If she is right, there are far fewer of the public-spirited types around, and far more of the me-focused ones. A survey by Big Brother Watch claims that 80 per cent of people would object to the idea of a microchip in their bin. "What people throw away is private," Dylan Sharpe says. That seems a pretty odd notion. It might be private before they throw it away, but once it leaves their home, doesn't it go into the public domain? "That's not how people see it," Sharpe says. "You don't want everyone to know how much alcohol you have been drinking. You don't want your wife to see the receipt for the drinks you bought in a strip club. When you throw things in the bin you expect them to disappear from your life.".

So the bin is a vanishing place. It is a psychological black hole. Just how odd it would be to become attached to our rubbish is clear when you look at the work of Mike Thompson, of the Design Academy in Eindhoven, the Netherlands who did a thesis called "My Beautiful Garbage: Changing the Perception of Refuse".
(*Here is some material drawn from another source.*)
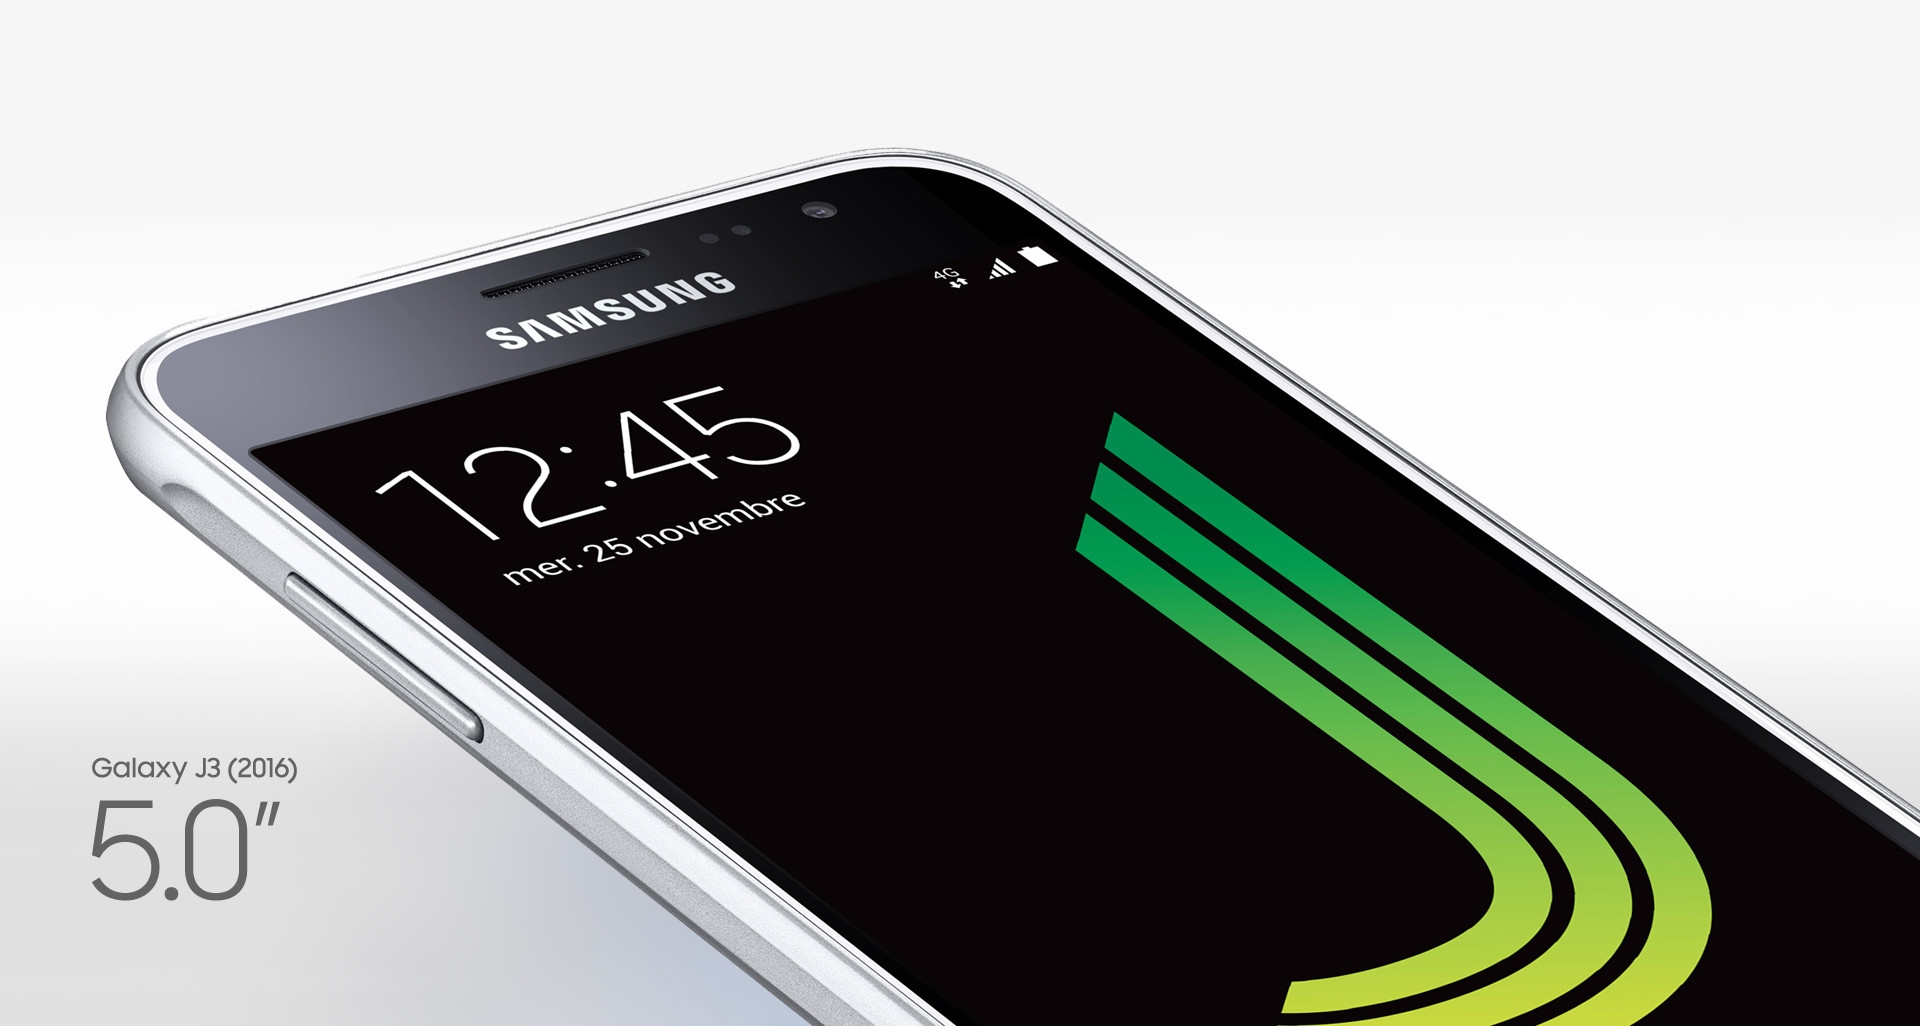 Samsung galaxy j3 prix maroc, jumia maroc
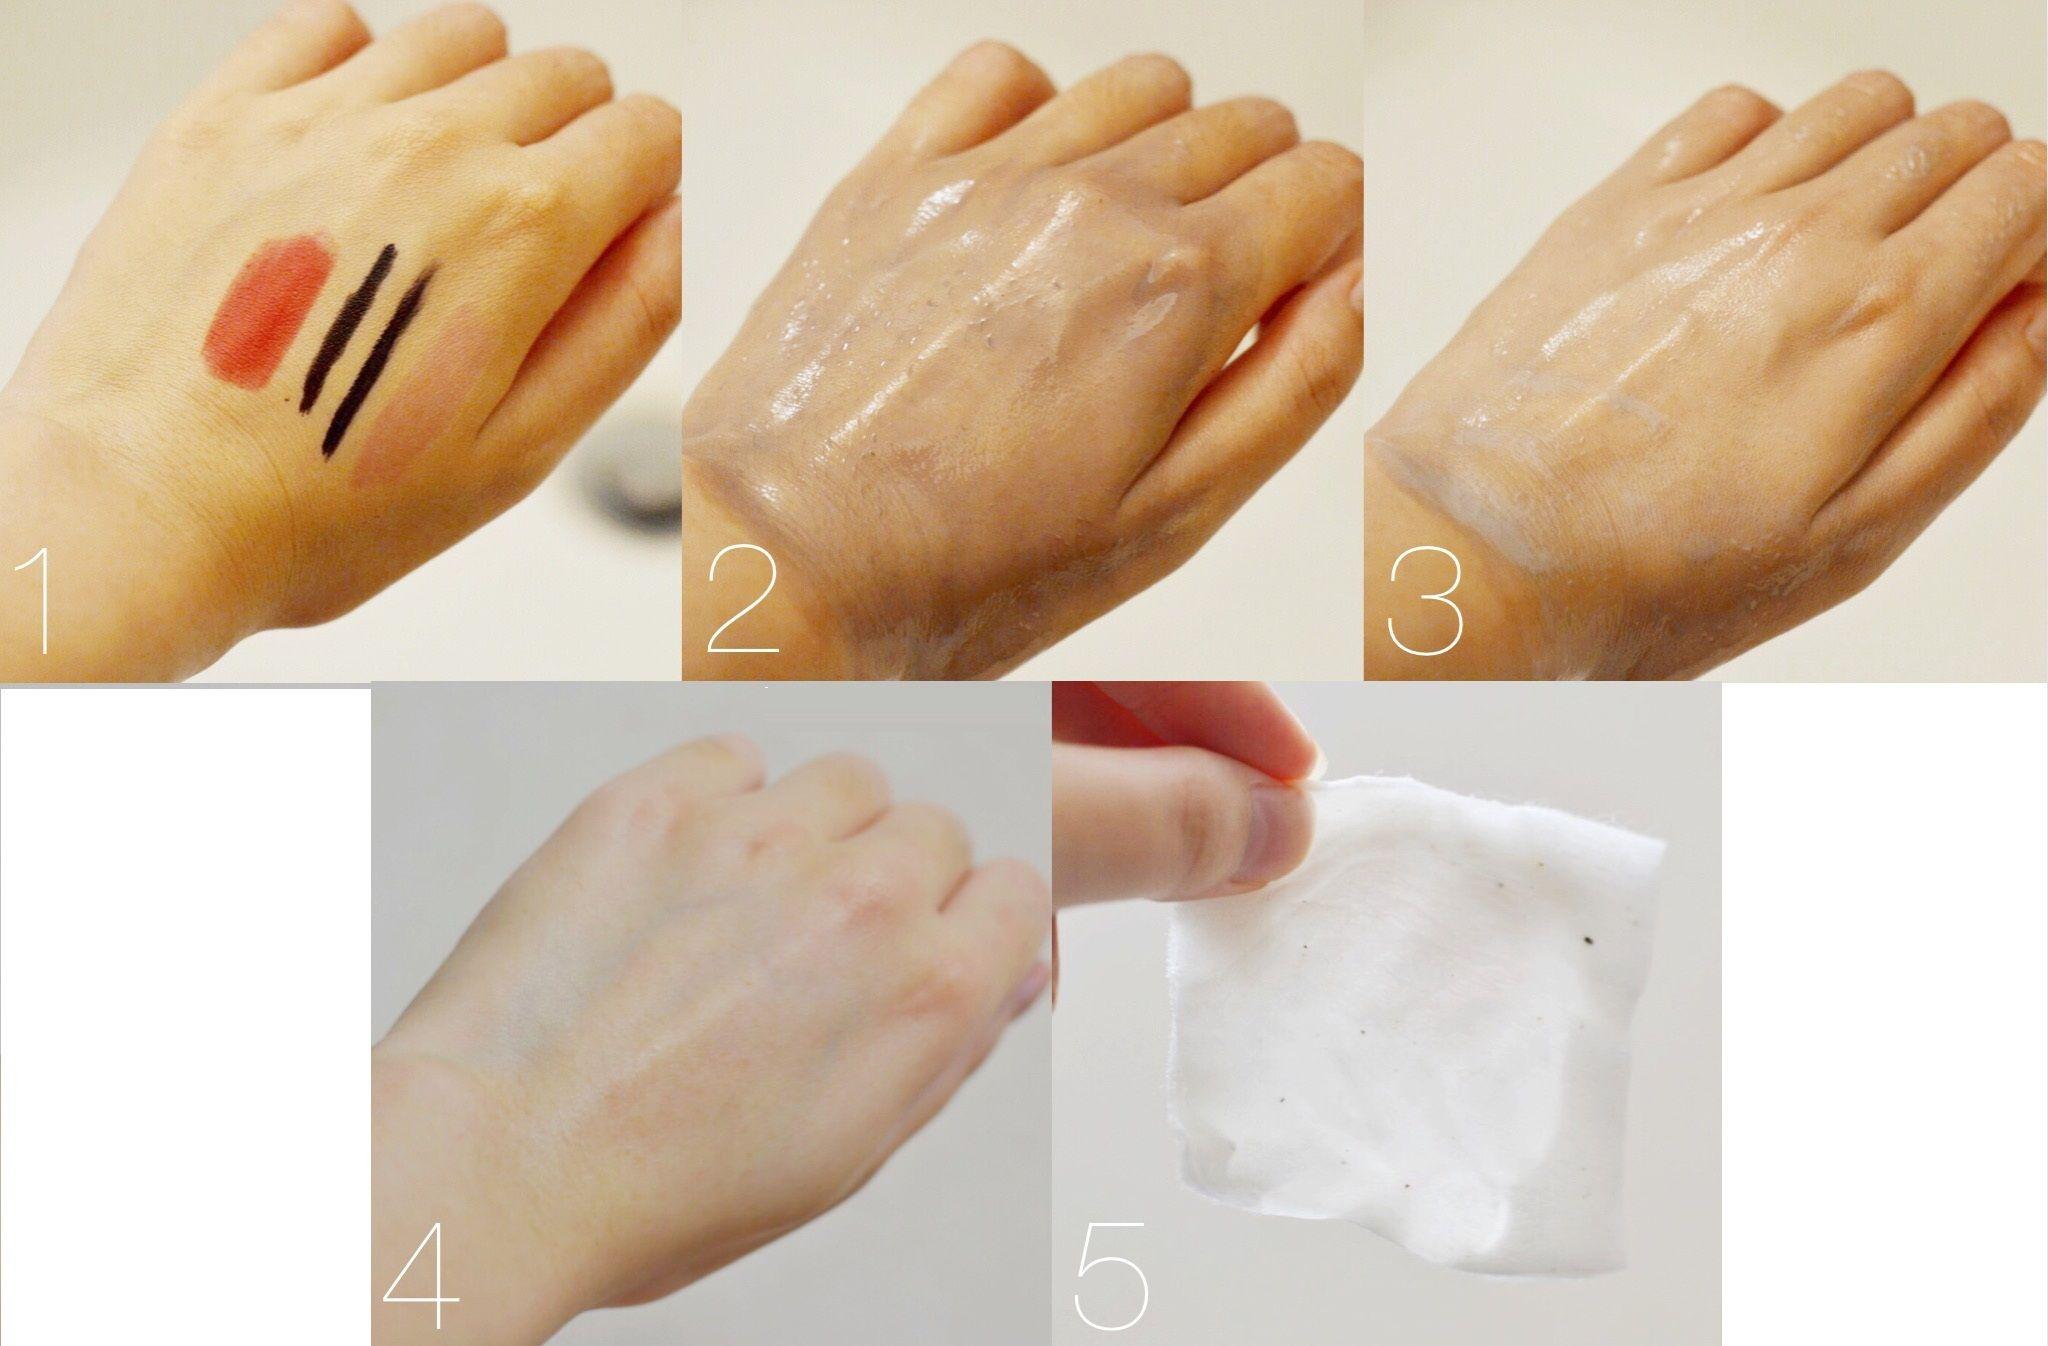 Tẩy trang Muji Oil Cleansing chuyển thành dạng sữa sau khi thêm nước, không nhiều và rất dễ rửa sạch bằng nước, không để lại nhờn dính trên da

He carried all the rubbish he produced in one week around with him everywhere in a see-through container. If everyone had to do the same, he concluded, they would pretty swiftly control their waste production and up their recycling of materials. It is a pretty extreme solution. The smell got unbearable by Day 5 and started to make him gag. "Normally I wouldn't eat stale bread, it would go into the bin," he wrote. "But the thought of carrying round a furry piece of bread changes my mind."

Not that the Middle England bin-ragers are disposed to take lessons from abroad. After all, they point out, these chipped wheelies have all been produced by foreigners. "Germans plant bugs in our wheelie bins," one recent headline railed. David Cameron, it seems, has some way to go before Disgusted of Tunbridge Wells is fully appeased.